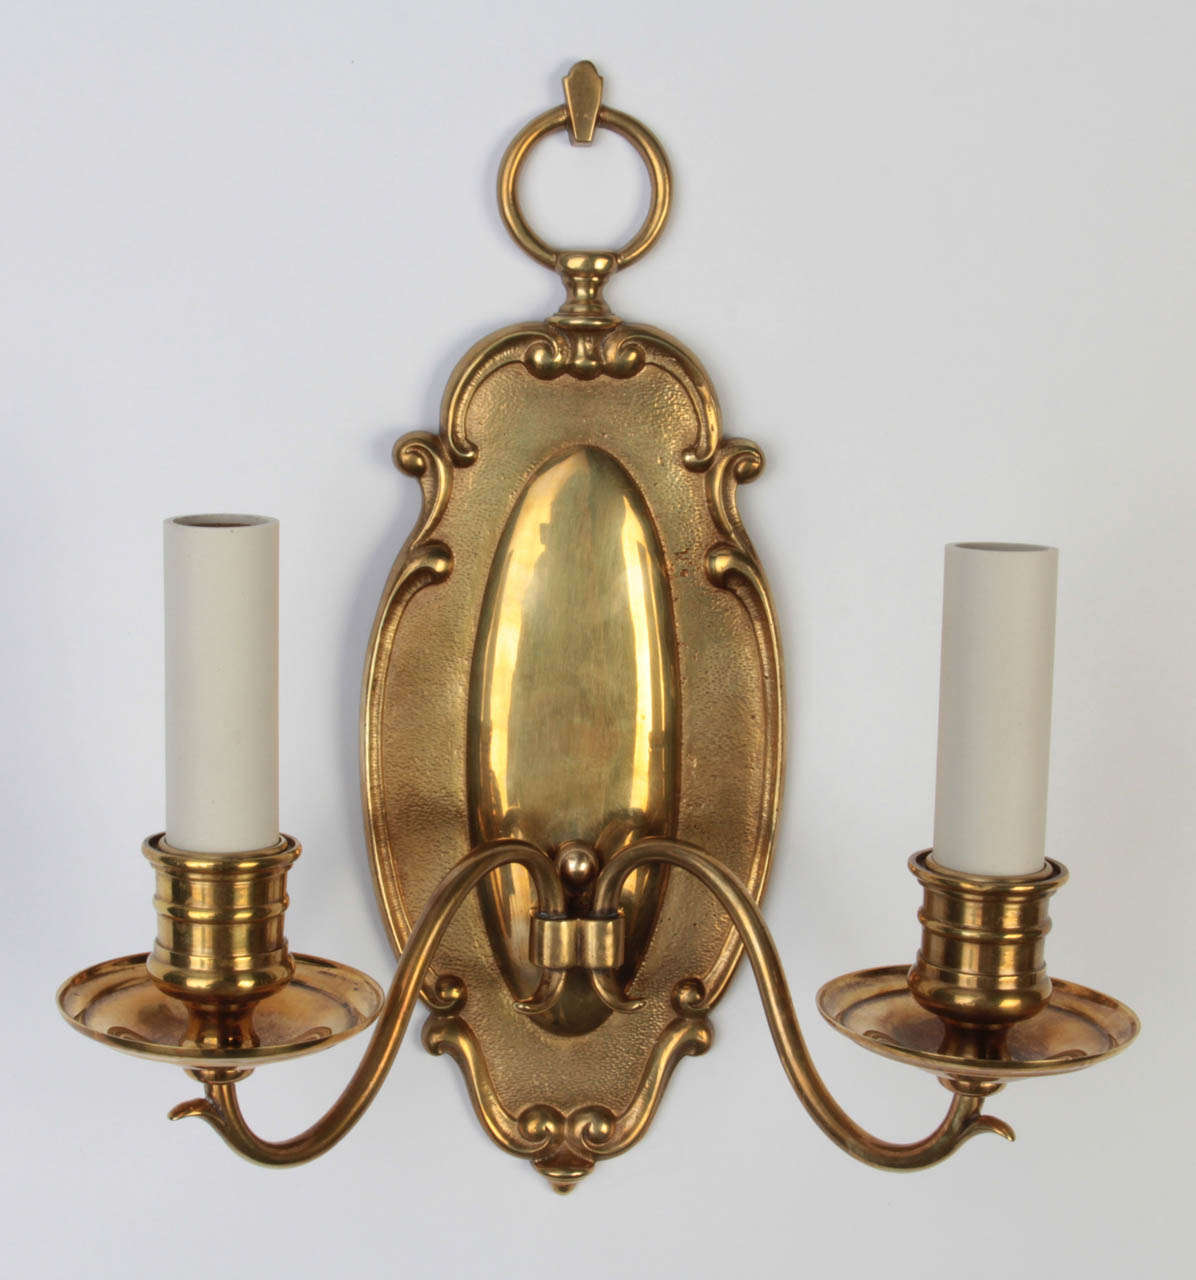 A pair of double light cast brass sconces in a mellow hand polished patina.

Dimensions:
Overall: 12-1/2

> _Activity_:
Output the whole listing exactly. Pictures stay out.

> _Exercise output_:
 A pair of double light cast brass sconces in a mellow hand polished patina.

Dimensions:
Overall: 12-1/2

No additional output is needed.